Nested and Complex Types¶

Struct Types¶

Store structured data with multiple named fields:

import lance
import pyarrow as pa

# Schema with nested struct
schema = pa.schema([
    pa.field("id", pa.int64()),
    pa.field("metadata", pa.struct([
        pa.field("source", pa.utf8()),
        pa.field("timestamp", pa.timestamp("us")),
        pa.field("embedding_model", pa.utf8()),
    ])),
    pa.field("vector", pa.list_(pa.float32(), 384)),  # 384-dim embedding
])

table = pa.Table.from_pydict({
    "id": [1, 2],
    "metadata": [
        {"source": "web", "timestamp": "2024-01-15T10:30:00", "embedding_model": "text-embedding-3-small"},
        {"source": "api", "timestamp": "2024-01-15T11:45:00", "embedding_model": "text-embedding-3-small"},
    ],
    "vector": [
        [0.1] * 384,
        [0.2] * 384,
    ],
}, schema=schema)

ds = lance.write_dataset(table, "./with_metadata.lance")

Map Types¶

Store key-value pairs with dynamic keys:

import lance
import pyarrow as pa

schema = pa.schema([
    pa.field("id", pa.int64()),
    pa.field("attributes", pa.map_(pa.utf8(), pa.utf8())),
])

table = pa.Table.from_pydict({
    "id": [1, 2],
    "attributes": [
        [("color", "red"), ("size", "large")],
        [("color", "blue"), ("material", "cotton")],
    ],
}, schema=schema)

ds = lance.write_dataset(table, "./with_maps.lance")

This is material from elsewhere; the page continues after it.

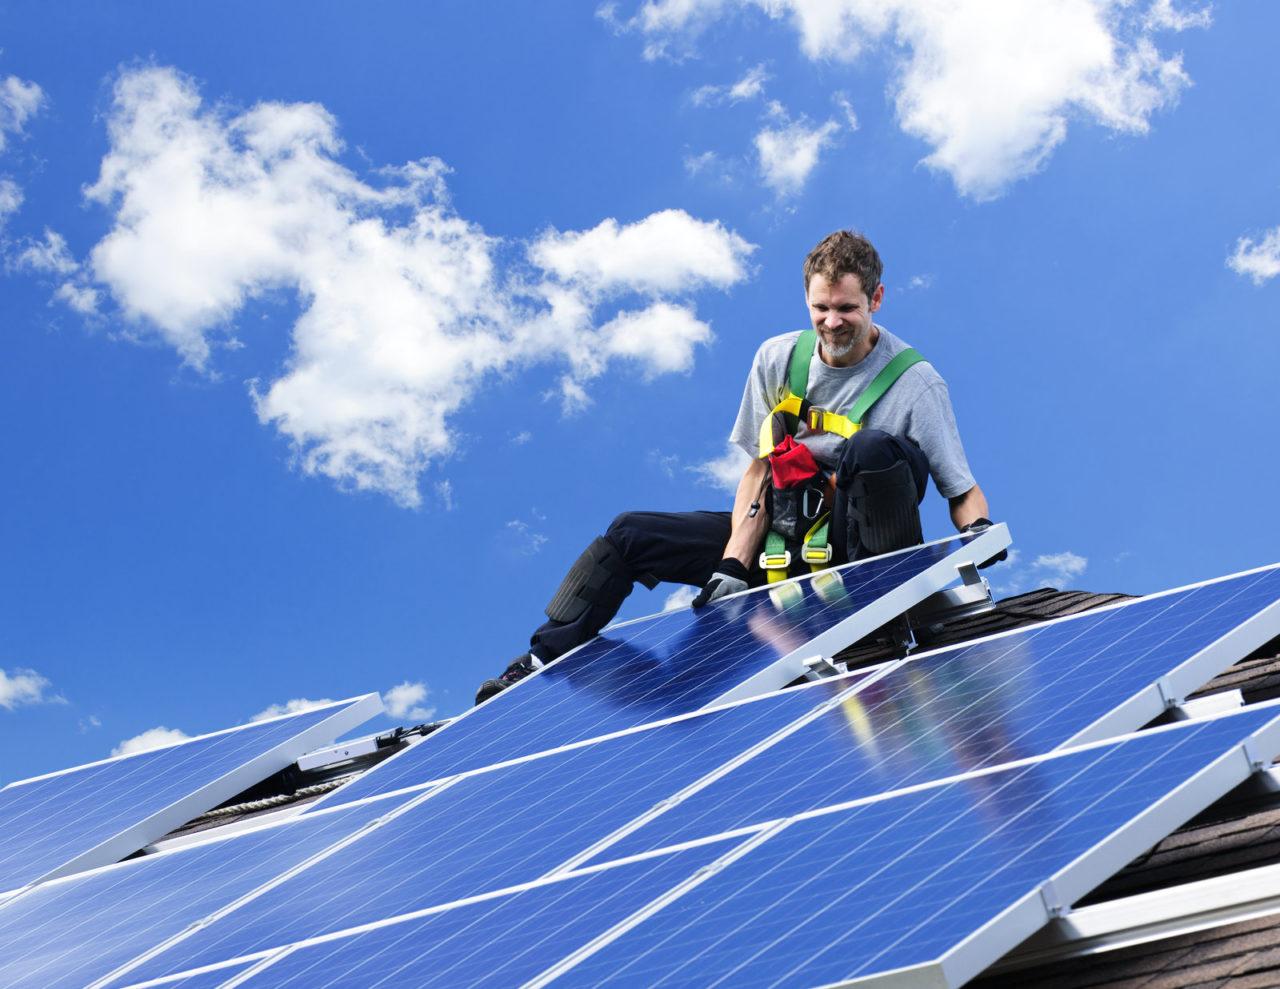 https://www.skilledelectrical.co.nz/wp-content/uploads/2021/10/1732976_solar-panel-installation-1280x989.jpg

Data Type Mapping for Integrations¶

When integrating Lance with other systems (like Apache Flink, Spark, or Presto), the following type mappings apply:

External Type	Lance/Arrow Type	Notes
`BOOLEAN`	`Boolean`
`TINYINT`	`Int8`
`SMALLINT`	`Int16`
`INT` / `INTEGER`	`Int32`
`BIGINT`	`Int64`
`FLOAT`	`Float32`
`DOUBLE`	`Float64`
`DECIMAL(p,s)`	`Decimal128(p,s)`
`STRING` / `VARCHAR`	`Utf8`
`CHAR(n)`	`Utf8`	Fixed-width in source system; stored as variable-length Utf8
`DATE`	`Date32`
`TIME`	`Time64`	Microsecond precision
`TIMESTAMP`	`Timestamp`
`TIMESTAMP WITH LOCAL TIMEZONE`	`Timestamp`	With timezone info
`BINARY` / `VARBINARY`	`Binary`
`BYTES`	`Binary`
`BLOB`	`LargeBinary` with `lance-encoding:blob`	Large binary objects with lazy loading
`ARRAY<T>`	`List(T)`	Variable-length array
`ARRAY<T>(n)`	`FixedSizeList(T, n)`	Fixed-length array (vectors)
`ROW` / `STRUCT`	`Struct`	Nested structure
`MAP<K,V>`	`Map(K, V)`	Key-value pairs

Vector Embeddings in Integrations¶

For vector embedding columns, use ARRAY<FLOAT>(n) or ARRAY<DOUBLE>(n) where n is the embedding dimension:

-- Example: Creating a table with vector embeddings in SQL-compatible systems
CREATE TABLE embeddings (
    id BIGINT,
    text STRING,
    vector ARRAY<FLOAT>(384)  -- 384-dimensional vector
);

This maps to Lance's FixedSizeList(Float32, 384) type, which is optimized for:

Efficient columnar storage
SIMD-accelerated distance computations
Vector index creation and search

Best Practices for Vector Data¶

Use FixedSizeList for embeddings: Always use FixedSizeList (not variable-length List) for vector embeddings to enable efficient storage and indexing.
Choose appropriate precision:
Float32 is the standard choice, balancing precision and storage
Float16 or BFloat16 can reduce storage by 50% with minimal accuracy loss
Int8 for quantized embeddings
Align dimensions for SIMD: Vector dimensions divisible by 8 enable optimal SIMD acceleration. Common dimensions: 128, 256, 384, 512, 768, 1024, 1536.

Create indexes for large datasets: For datasets with more than ~10,000 vectors, create an ANN index for fast search:

# IVF_PQ is recommended for most use cases
ds.create_index("vector", index_type="IVF_PQ", num_partitions=256, num_sub_vectors=16)

# IVF_HNSW_SQ offers better recall at the cost of more memory
ds.create_index("vector", index_type="IVF_HNSW_SQ", num_partitions=256)

Store metadata alongside vectors: Lance efficiently handles mixed workloads with both vector and scalar data:

# Combine vector search with metadata filtering
results = ds.to_table(
    filter="category = 'electronics'",
    nearest={"column": "vector", "q": query, "k": 10}
)